We’ll start with Android Device Monitor, Lint, and Android Monitor–three tools you can use to debug, inspect, and profile application code in Android Studio. Then I’ll introduce you to plugins ADB Idea, Codota Code Search, and Project Lombok.

Debugging with Android Device Monitor

Android Device Monitor is an Android SDK tool for debugging failing apps. It provides a graphical user interface for the following SDK tools:

  • Dalvik Debug Monitor Server (DDMS): A debugging tool that provides port-forwarding services, screen capture on the device, thread and heap information on the device, logcat, process, radio state information, incoming call and SMS spoofing, location data spoofing, and more.
  • Tracer for OpenGL ES: A tool for analyzing OpenGL for embedded systems (ES) code in your Android apps. It lets you capture OpenGL ES commands and frame-by-frame images to help you understand how your graphics commands are being executed.
  • Hierarchy Viewer: A graphical viewer for layout view hierarchies (the layout view) and for magnified inspection of the display (the pixel perfect view). This tool can help you debug and optimize your user interface.
  • Systrace: A tool for collecting and inspecting traces (timing information across an entire Android device).
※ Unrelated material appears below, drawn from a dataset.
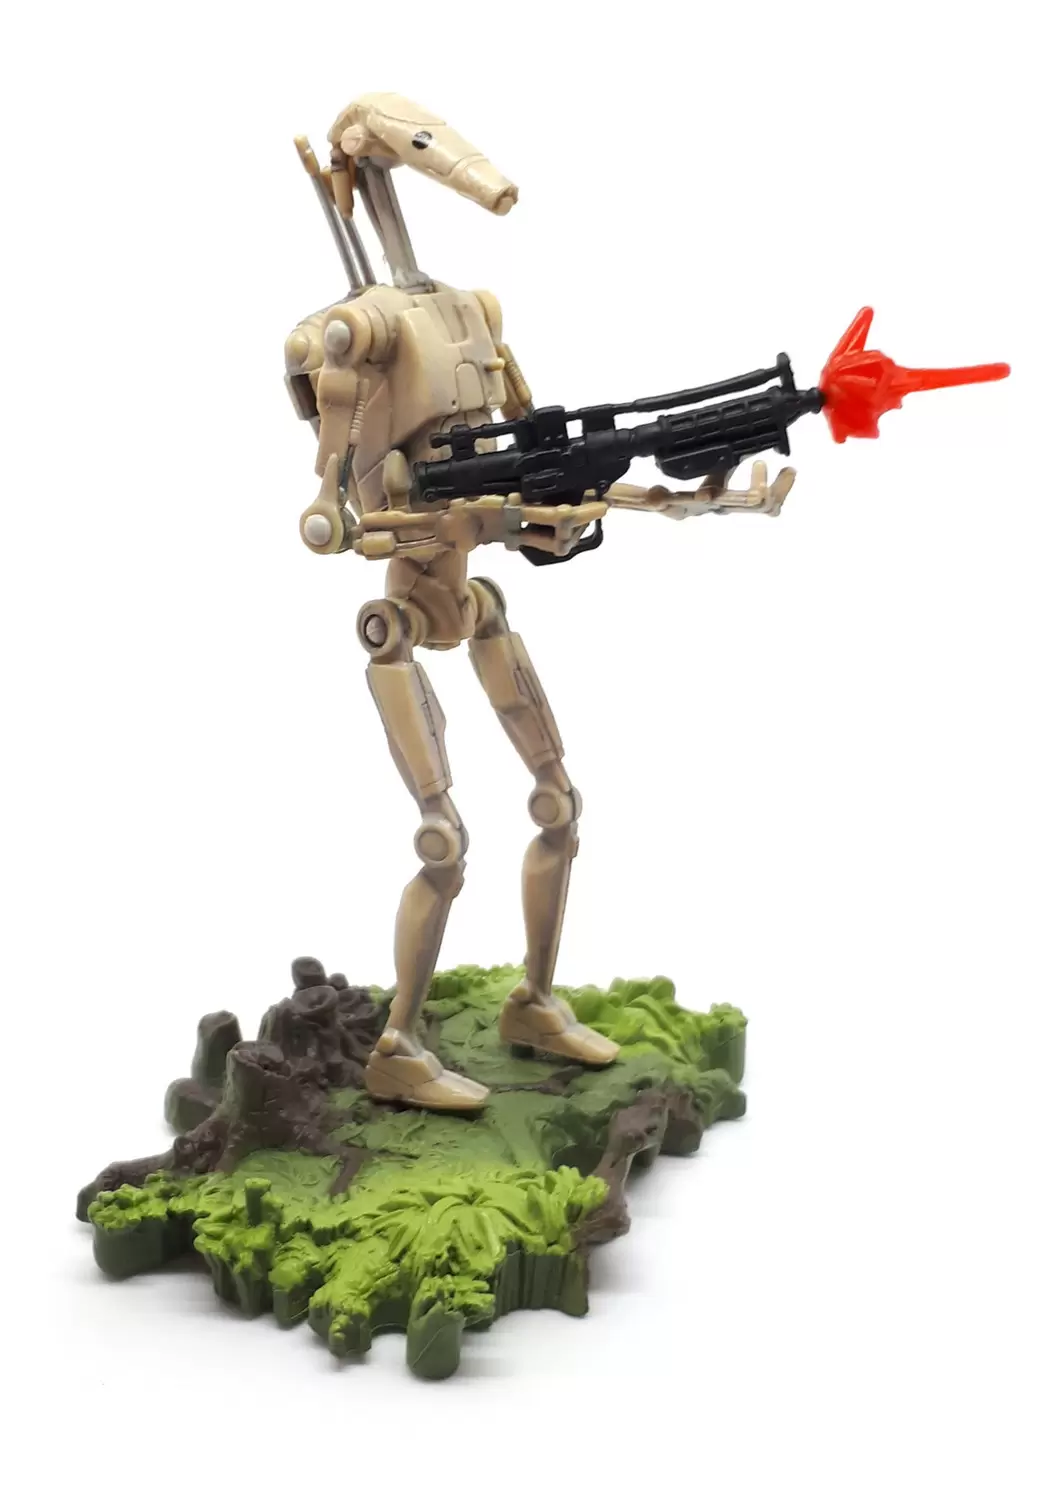 Battle Droid Star Wars Revenge Of The Sith Collection 2005

A trace shows where time and CPU cycles are being spent, displaying what each thread and process is doing at any given time. It also inspects the captured tracing information to highlight problems that it observes (from list item recycling to rendering content) and provide recommendations about how to fix them.
  • Traceview: A graphical viewer for execution logs that your app creates via the android.os.Debug class to log tracing information in your code. This tool can help you debug your application and profile its performance.

To launch Android Device Monitor from your command line, execute the monitor program in your Android SDK’s tools directory. If you prefer to run the tool from Android Studio, choose Tools > Android > Android Device Monitor.

You might remember from Part 1 that I used Android Studio to launch my W2A example app in the Nexus 4 emulator. I then launched Android Device Monitor from Android Studio. Figure 1 shows the resulting screen.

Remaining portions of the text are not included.